--- To do ---
The records below hold a stretch from the line with "6' aluminum house" through the line with "asthmatic awareness heart pin badge uk"; return exactly those lines, ends included, and nothing more.

--- Records provided ---

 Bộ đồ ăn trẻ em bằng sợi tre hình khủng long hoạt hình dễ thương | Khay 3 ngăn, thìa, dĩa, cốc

* * *

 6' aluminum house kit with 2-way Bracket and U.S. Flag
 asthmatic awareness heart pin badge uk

...

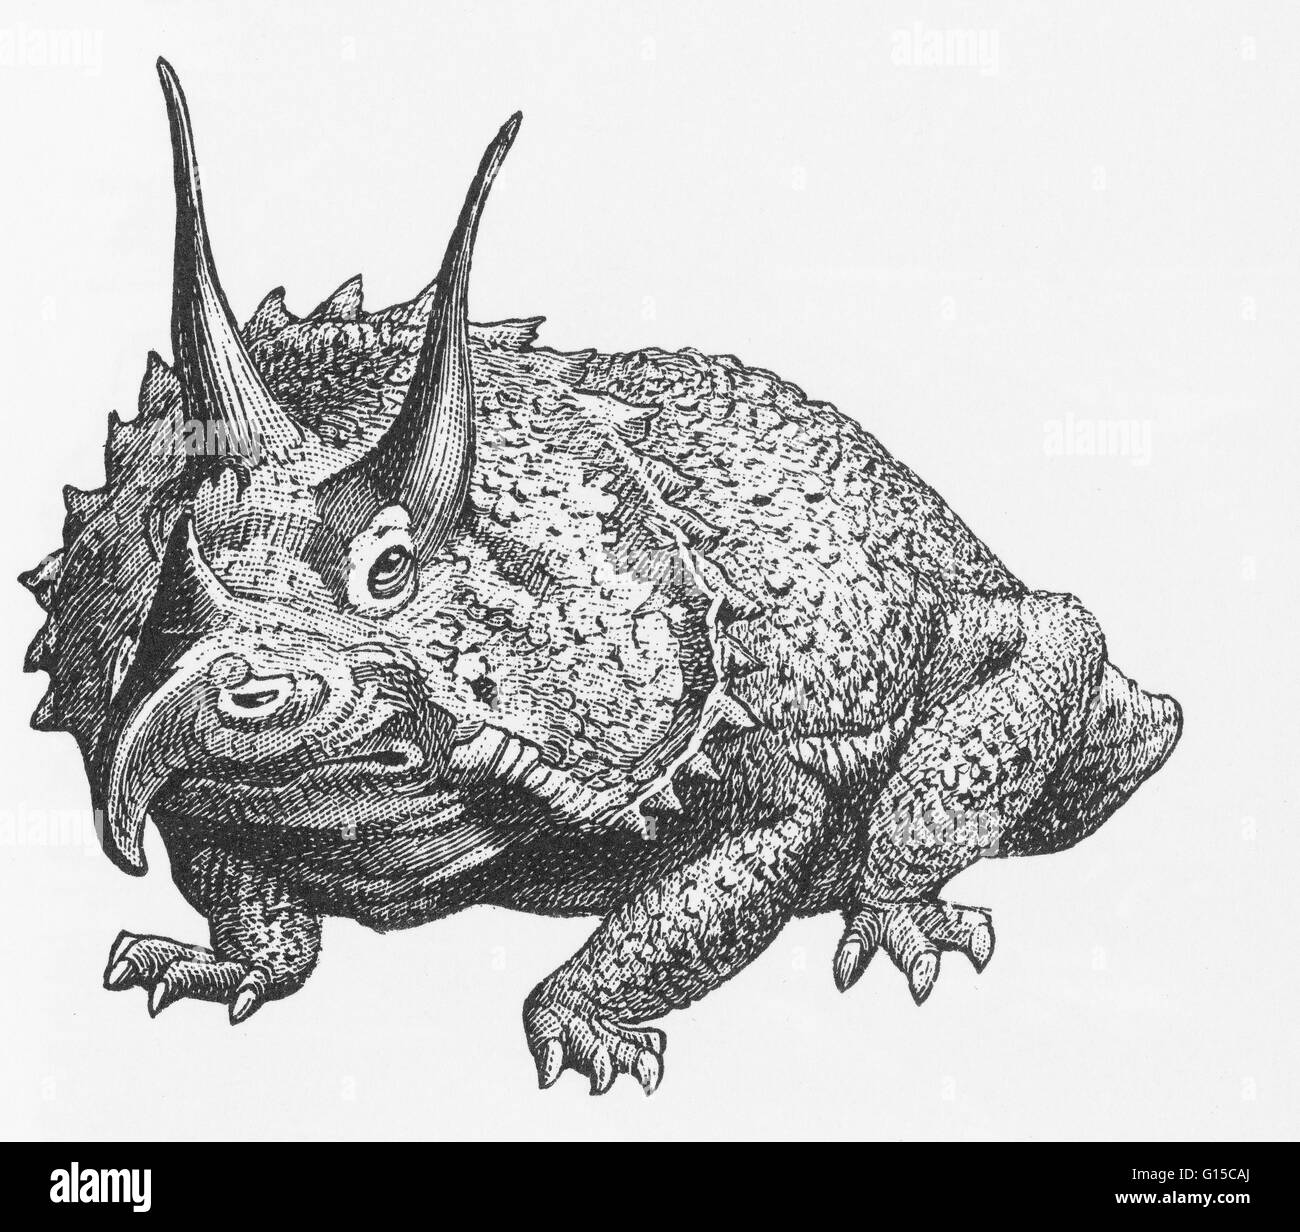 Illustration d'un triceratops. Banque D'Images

--- Solution ---
 6' aluminum house kit with 2-way Bracket and U.S. Flag
 asthmatic awareness heart pin badge uk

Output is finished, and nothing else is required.